— What is being asked —
Do any lines in the data below contain "courier"? If so, copy every one of them.

— Data section —

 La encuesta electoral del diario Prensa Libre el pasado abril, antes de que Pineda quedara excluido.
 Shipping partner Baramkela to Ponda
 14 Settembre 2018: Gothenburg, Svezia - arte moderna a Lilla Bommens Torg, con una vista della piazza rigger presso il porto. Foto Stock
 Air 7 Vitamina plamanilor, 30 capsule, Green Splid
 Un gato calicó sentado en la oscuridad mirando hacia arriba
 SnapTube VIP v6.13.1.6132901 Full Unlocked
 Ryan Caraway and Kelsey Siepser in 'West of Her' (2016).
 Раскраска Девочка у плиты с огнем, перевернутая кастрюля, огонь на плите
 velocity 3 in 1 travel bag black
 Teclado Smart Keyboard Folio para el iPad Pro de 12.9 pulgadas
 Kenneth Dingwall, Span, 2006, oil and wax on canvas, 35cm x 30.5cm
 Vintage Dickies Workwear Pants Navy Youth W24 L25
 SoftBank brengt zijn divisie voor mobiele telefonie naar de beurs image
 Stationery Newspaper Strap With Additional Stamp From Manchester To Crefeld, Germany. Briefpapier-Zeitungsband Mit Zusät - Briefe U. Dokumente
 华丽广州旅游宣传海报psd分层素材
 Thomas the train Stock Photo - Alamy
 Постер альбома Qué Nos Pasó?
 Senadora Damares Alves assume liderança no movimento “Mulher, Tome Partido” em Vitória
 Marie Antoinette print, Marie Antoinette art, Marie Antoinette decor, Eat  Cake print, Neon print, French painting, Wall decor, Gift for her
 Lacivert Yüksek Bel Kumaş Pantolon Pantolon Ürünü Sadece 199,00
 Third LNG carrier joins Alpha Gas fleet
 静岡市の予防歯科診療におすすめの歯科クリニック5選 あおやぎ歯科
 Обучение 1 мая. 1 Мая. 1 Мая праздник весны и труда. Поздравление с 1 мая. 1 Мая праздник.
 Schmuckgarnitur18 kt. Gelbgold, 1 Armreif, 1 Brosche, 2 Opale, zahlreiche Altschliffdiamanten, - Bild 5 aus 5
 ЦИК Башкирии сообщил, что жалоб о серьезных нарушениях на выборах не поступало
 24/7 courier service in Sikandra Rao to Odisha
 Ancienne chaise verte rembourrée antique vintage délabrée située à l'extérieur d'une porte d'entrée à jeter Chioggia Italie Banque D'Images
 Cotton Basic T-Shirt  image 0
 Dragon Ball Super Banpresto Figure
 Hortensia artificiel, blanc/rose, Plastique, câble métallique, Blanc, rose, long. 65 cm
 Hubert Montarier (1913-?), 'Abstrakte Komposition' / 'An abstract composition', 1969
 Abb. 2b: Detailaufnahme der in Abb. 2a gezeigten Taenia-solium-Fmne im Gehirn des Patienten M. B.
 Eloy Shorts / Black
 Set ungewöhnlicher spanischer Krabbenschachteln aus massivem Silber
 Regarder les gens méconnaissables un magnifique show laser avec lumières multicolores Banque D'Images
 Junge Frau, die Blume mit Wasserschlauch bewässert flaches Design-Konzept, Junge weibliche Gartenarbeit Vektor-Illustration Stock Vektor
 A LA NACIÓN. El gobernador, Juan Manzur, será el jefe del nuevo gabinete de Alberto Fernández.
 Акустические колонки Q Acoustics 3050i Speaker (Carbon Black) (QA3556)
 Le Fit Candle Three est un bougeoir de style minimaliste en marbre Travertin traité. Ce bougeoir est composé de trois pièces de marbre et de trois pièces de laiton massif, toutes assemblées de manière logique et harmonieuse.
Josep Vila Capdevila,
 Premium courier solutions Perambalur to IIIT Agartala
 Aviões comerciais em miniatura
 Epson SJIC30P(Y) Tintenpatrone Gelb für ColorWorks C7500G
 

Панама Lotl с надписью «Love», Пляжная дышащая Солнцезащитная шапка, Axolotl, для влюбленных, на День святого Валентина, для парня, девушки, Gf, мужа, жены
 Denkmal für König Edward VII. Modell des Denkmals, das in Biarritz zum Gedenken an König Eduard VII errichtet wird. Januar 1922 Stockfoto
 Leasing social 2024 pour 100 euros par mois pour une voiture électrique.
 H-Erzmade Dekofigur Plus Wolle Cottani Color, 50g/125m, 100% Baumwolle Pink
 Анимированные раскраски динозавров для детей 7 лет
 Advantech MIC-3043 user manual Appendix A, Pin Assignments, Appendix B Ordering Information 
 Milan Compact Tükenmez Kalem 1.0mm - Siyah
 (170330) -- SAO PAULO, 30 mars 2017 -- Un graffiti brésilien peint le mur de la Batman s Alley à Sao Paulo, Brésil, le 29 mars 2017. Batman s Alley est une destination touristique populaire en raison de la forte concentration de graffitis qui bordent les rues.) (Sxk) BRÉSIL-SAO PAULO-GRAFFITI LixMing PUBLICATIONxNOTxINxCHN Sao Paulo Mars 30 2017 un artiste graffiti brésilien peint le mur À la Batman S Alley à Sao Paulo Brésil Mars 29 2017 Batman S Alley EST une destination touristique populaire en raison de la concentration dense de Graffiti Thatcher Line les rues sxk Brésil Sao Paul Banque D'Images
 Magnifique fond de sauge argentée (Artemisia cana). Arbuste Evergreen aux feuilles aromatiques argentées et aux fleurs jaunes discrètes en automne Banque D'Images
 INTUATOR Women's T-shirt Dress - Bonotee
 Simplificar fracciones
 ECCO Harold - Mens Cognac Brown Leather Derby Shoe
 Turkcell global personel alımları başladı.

— Task result —
 24/7 courier service in Sikandra Rao to Odisha
 Premium courier solutions Perambalur to IIIT Agartala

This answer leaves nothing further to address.